Each page brings fresh surprises

The Plucky Squire

I recently sat down to play The Plucky Squire because I'd heard it was like Zelda, and I like Zelda. I didn't know it also had special powers.

Having not really seen much about the game outside of seemingly everyone I know and respect on social media saying how incredible it is, I was mere seconds into it before I found myself smiling at the clean, childish art style that, well, is the stuff of storybooks.

A few minutes later, when it became clear I was literally playing through a storybook, that smile grew even wider. The pages were turning as I moved across map tiles, there was a kind old British man narrating proceedings, and before long I was whispering "oh that's lovely" out loud.

Then, oh, another trick! We can interact with the story as it's written on the page! The bad guy of the tale has fucked with the pages and some of the text laid across the map isn't describing events, it's been switched up to block them, so you need to complete puzzles in the world (book?) that involve moving the text--and you're in the book, so the text can just be picked up--around to fix the sentences, which changes what they're describing, which then changes the world itself. Seeing this for the first time I am not just smiling or whispering, I'm looking at my cat and saying "oh this rules", to which she replies "mew" (yes, it does).

By the time The Plucky Squire is pulling its biggest party trick--leaping out of the pages of the book and into the real world, which presents a whole new axis of movement and a fresh set of puzzle possibilities--I was sitting bolt upright in my chair saying, quite loudly now, "ahhhh wow this is great".
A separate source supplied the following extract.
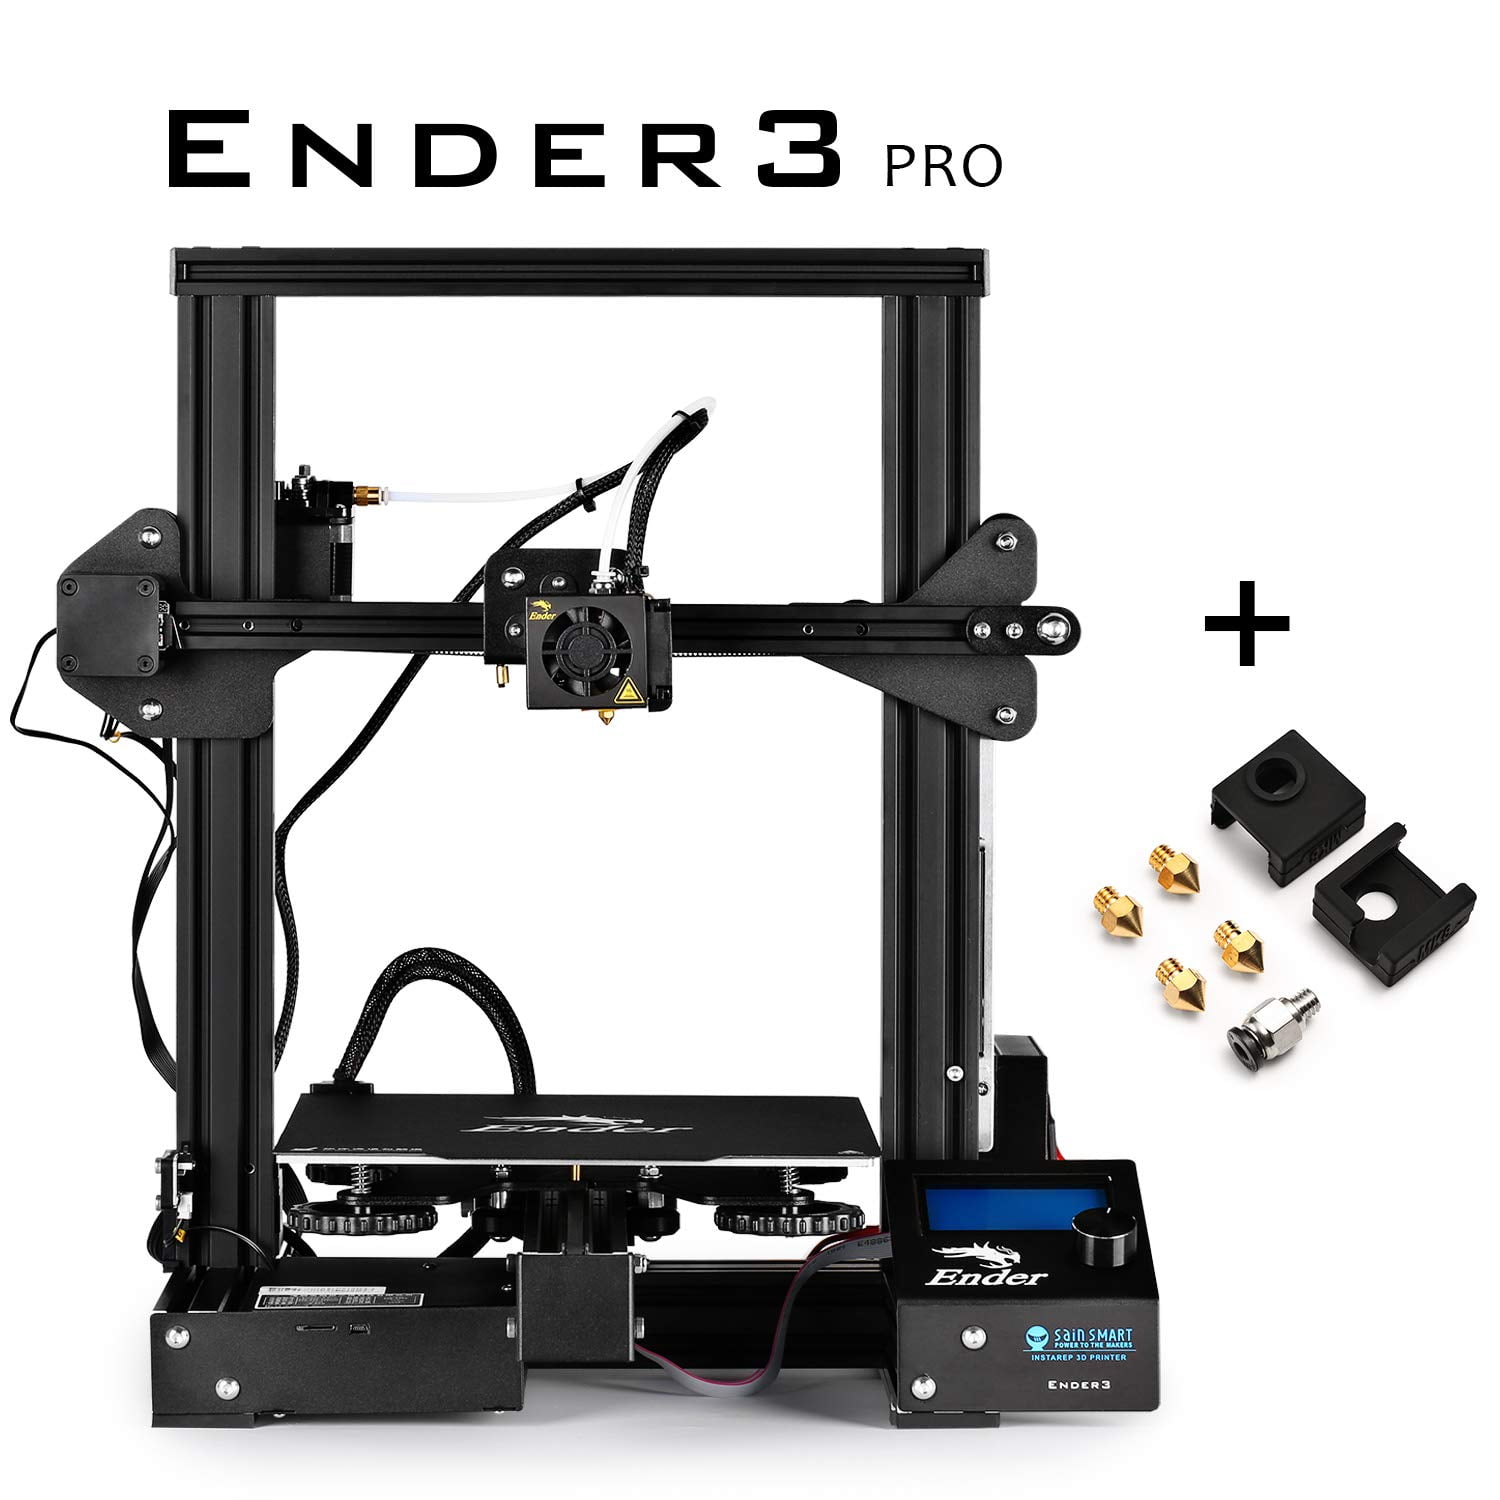 Comgrow Official Creality Ender 3 3d Printer. Принтер Ender 3 Pro сборка. 3d принтер Ender 3 уровень. Creality Ender 3 Pro купить. Принтер ender 3 pro

As you can hopefully tell by now, The Plucky Squire is a game that made me feel something. I can talk about it as a game if you want, review-style, about how it's a cute little Zelda-like, about how it's got some interesting puzzles and a neat twist and some lovely voice acting. I could spend a surprising amount of time gushing about the little hand cursor you control in the main menu, which is pointing while you point, but once you click/press a button it stops pointing and gives a thumbs up.

But I'd rather just talk around this game, about how it's just pure joy. Playing it makes me smile, and laugh, and through its setting is able to deliver both the best of video games and the best of children's books at the same time. It's not that I feel like a child while playing it, there's a certain distance and reverence in its tone that requires you to have grown up already to appreciate it, but there's absolutely an echo, a child-like feeling of happiness--pure, warm, reassuring--to be found on each page.

Every time I play The Plucky Squire (which I haven't finished yet) brings a nice little surprise: maybe some fights, maybe a scroll with some unlockable art I can enjoy later, maybe some funny dialogue. It doesn't matter what it is, really; it's all good.It's also pretty short, but as we've established recently, that's fine. A game knowing its limits is a good video game, and one that's able to make a grown man smile like an excited young child is a very good video game.